The overarching issue lies in how we are trained to define religion. Those who proclaim atheism or agnosticism often do so to wipe their hands clean of the many difficult questions posed to Christians, Muslims and the like. Bottom line – atheists don’t want to be called religious. Let’s explore the word religion in more depth, and get to the bottom of its meaning. Is religion a belief in God/s? Not really, because Zen Buddhists don’t actually believe in a God at all. Is religion the believe in a supernatural force? Not exactly, Hinduism is rooted in materialism.

When then is religion? To summarize succinctly – religion is a worldview or world-narrative. The beliefs you hold regarding the way the world should work -morality, justice, meaning, etc.- define what we hold sacred. It’s impossible to believe in nothing, as it would still require believing in something.

What does this mean for the non-religious? It means we are all religious, like it or not. The worldview, or core beliefs of atheism, classify it as a religion. Modern atheists present a soft definition of the term ‘atheism’, knowing full well that atheistic belief, at the core, falls victim to philosophical suicide.

Ravi Zacharias, perhaps the most profound Christian thinker on the planet, has for years studied atheism and its roots. Zacharias says modern Atheists pitch a soft-sell of their beliefs, knowing that the absolute assertions of true Atheism -God doesn’t exist- commit devastating logical fallacies, which are not academically credible.

As Zacharias astutely points out:

“…to move to atheism by default is hardly an academically credible switch to make when there are a myriad of other options”

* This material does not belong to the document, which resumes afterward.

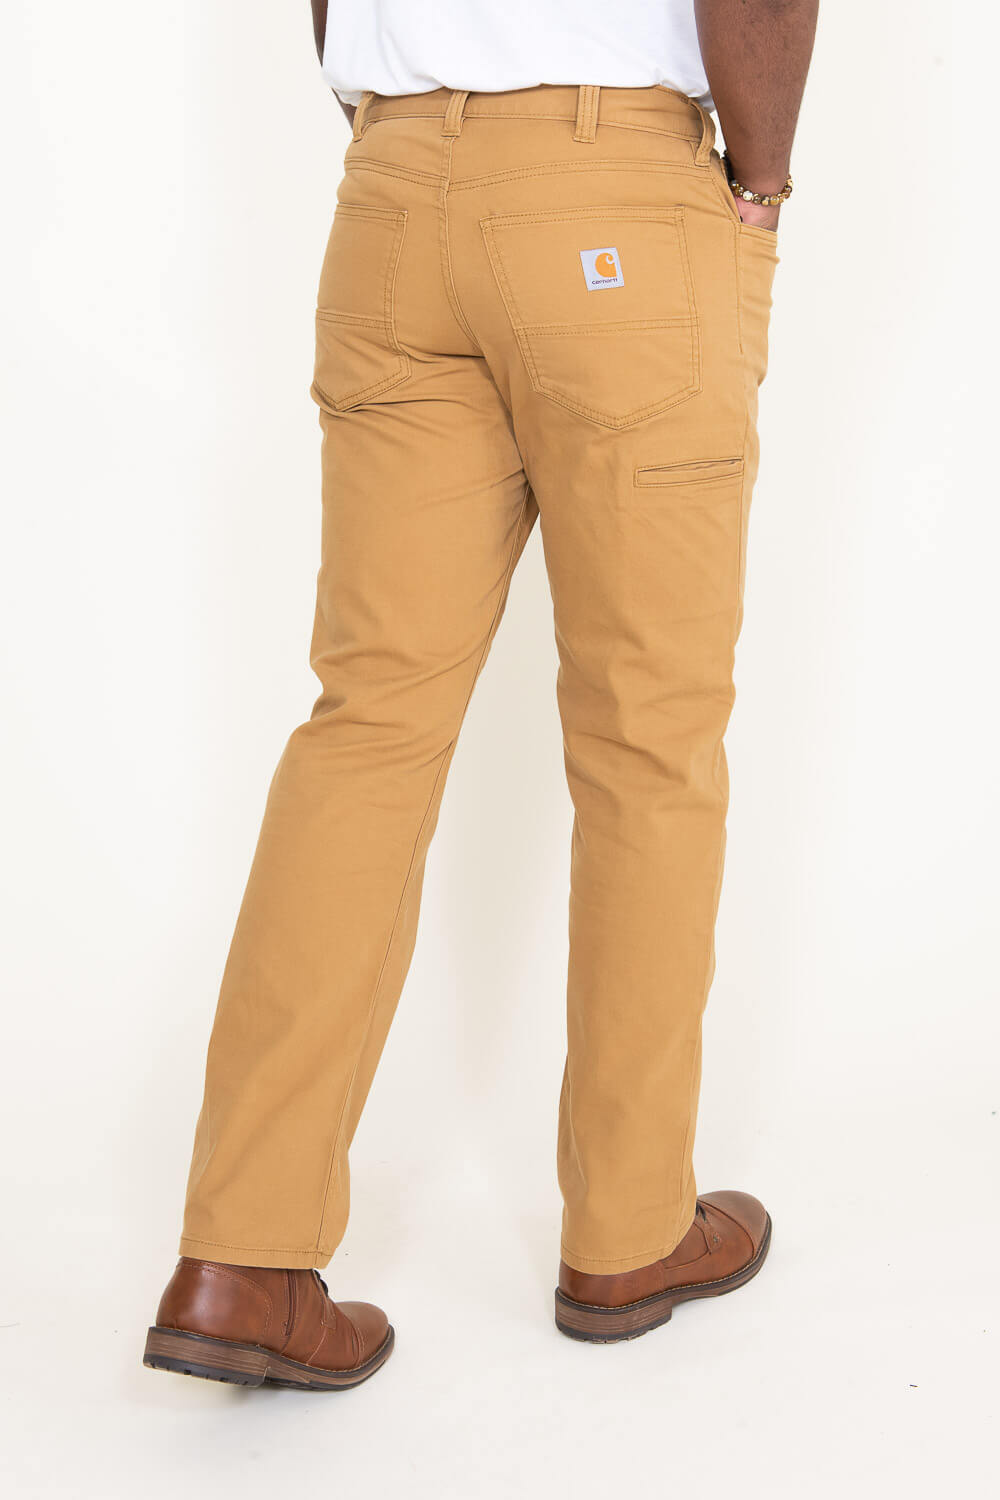 Carhartt Rugged Flex Pants for Men in Brown

“…to say that there is insufficient evidence for theism and there I am an atheist implies a logically satisfactory defense of atheism that they do not have. After all, why else would they hold to it if it is logically indefensible, when their very reason for denying theism is that it is logically indefensible?

“…it is purely an admission that atheism cannot be defended, even though they have tried, hence the softer version of agnosticism…”

“The word atheism comes from the Greek…alpha is the negative, and theos means “God”…Having quickly recognized the inherent contradiction of affirming God’s non-existence, which absolutely would at the same time presuppose infinite knowledge on the part of the one doing the denying, a philosophically convenient switch was made to agnosticism.”